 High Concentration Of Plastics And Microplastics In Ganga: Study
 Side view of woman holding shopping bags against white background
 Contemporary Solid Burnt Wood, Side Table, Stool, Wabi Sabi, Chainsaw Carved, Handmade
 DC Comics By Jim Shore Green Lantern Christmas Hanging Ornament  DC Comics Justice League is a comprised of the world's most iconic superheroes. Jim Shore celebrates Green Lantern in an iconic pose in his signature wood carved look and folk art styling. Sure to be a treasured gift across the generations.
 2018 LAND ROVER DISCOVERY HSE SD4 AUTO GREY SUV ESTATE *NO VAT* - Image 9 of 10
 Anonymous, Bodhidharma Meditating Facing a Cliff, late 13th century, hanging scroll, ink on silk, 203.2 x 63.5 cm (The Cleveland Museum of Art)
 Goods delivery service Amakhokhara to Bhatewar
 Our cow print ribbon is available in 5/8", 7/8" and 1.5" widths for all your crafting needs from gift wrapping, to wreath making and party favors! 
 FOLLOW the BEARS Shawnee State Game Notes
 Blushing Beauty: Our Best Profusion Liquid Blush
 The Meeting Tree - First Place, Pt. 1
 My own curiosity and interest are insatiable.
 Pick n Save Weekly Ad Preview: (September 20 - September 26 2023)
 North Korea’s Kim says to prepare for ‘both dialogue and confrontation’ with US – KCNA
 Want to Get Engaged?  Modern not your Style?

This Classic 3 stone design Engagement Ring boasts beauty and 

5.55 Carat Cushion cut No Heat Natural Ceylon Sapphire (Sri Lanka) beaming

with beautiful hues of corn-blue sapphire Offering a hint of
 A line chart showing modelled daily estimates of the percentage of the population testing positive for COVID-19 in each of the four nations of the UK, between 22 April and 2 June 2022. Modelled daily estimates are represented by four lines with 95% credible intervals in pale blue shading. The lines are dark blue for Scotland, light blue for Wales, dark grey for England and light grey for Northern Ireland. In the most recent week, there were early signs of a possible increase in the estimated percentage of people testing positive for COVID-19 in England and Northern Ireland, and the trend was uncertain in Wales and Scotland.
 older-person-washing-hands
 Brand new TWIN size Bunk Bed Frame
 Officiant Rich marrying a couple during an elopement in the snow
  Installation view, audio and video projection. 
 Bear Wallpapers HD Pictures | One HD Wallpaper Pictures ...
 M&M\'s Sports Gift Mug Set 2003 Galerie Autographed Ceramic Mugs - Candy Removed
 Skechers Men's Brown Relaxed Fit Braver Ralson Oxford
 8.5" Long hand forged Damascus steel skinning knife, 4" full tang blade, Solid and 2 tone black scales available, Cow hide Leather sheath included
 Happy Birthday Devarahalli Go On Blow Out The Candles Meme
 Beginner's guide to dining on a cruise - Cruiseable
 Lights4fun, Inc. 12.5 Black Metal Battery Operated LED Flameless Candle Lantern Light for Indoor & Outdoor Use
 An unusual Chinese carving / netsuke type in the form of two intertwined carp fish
####################
▶ _Exercise brief_:
Would you transcribe exactly the lines from the one containing "Happy Birthday Devarahalli" to the end of the material, and leave out the rest?

▶ _Reply_:
 Happy Birthday Devarahalli Go On Blow Out The Candles Meme
 Beginner's guide to dining on a cruise - Cruiseable
 Lights4fun, Inc. 12.5 Black Metal Battery Operated LED Flameless Candle Lantern Light for Indoor & Outdoor Use
 An unusual Chinese carving / netsuke type in the form of two intertwined carp fish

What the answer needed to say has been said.